Edwina Palmer is a former associate professor of Japanese Studies at Victoria University of Wellington, New Zealand.

Palmer was born in Chelmsford, United Kingdom in 1955. She studied at the School of Oriental and African Studies, University of London, graduating with a PhD in geography and a BA (Hons) in Japanese language and literature. She lectured at the University of Canterbury, Christchurch, New Zealand from 1984 to 2010, before joining Victoria University in Wellington.

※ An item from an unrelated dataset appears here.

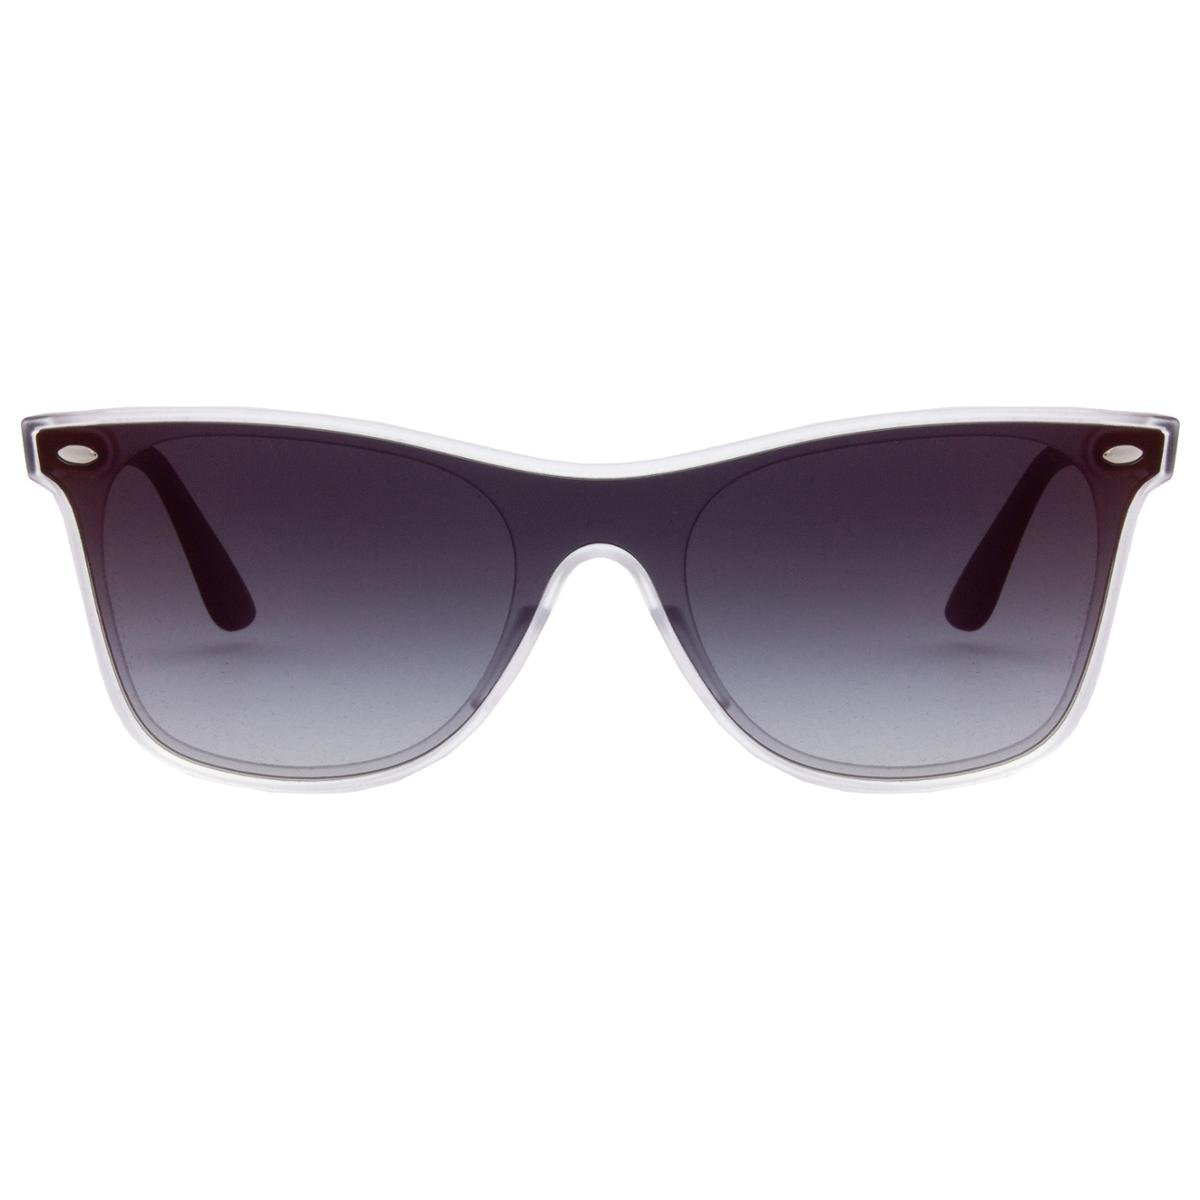 e483278dd7a82 Óculos de Sol Ray-Ban Blaze Wayfarer RB4440N - 6356 X0 41 - Compre Agora
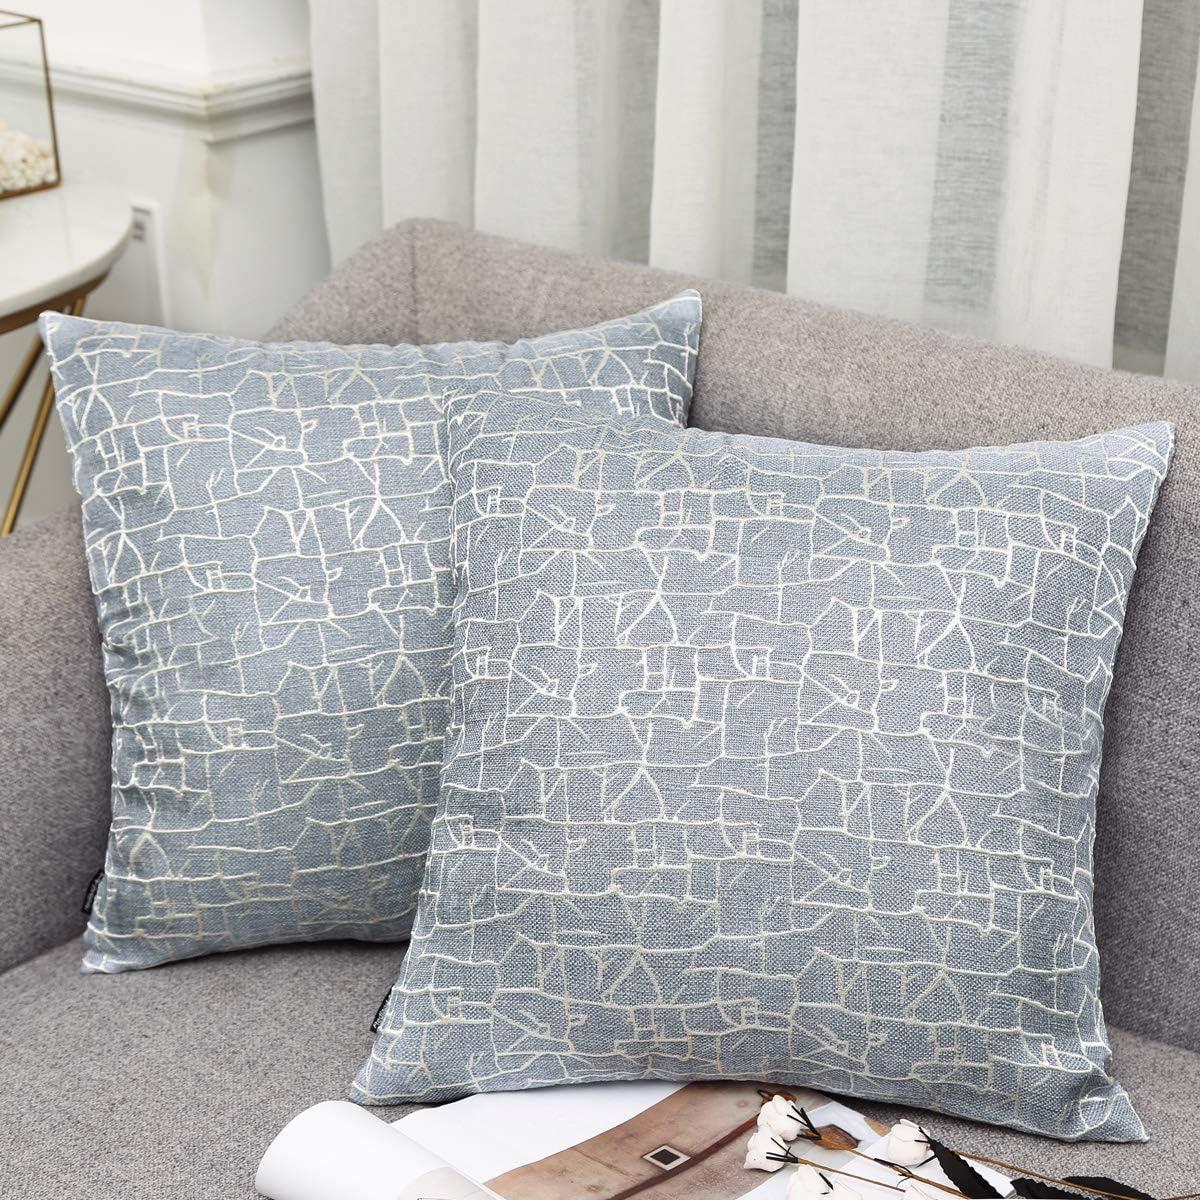 Stripe Cotton Linen Throw Pillow Case Cushion Cover Sofa Decor Light Gray Sfhs Org

Palmer has written many articles on Japanese culture, focusing on humor and hidden meaning in traditional Japanese texts. She has also worked on the eighth-century document Harima no Kuni Fudoki, analyzing the stories it contains from the perspective of archaeology and orality, humor and hidden meaning. Some of her work is prepared jointly with her husband, the historian Geoffrey Rice.

==Awards==
In 2012, Palmer won the 6th Inoue Yasushi Award for her article, A Poem to Carp About: Poem 16–3828 of the Man'yōshū Collection. The article examined what was previously thought to be a nonsense poem and the satirical social message of the poem was found to be hidden in double entendre and puns. She is the first New Zealander to have received the award.

In 2018, Palmer was awarded the Order of the Rising Sun, Gold Rays with Rosette by the Government of Japan, for her "contributions towards promoting the understanding and appreciation of the Japanese language and culture in New Zealand and overseas; as well as Japan-related research literature".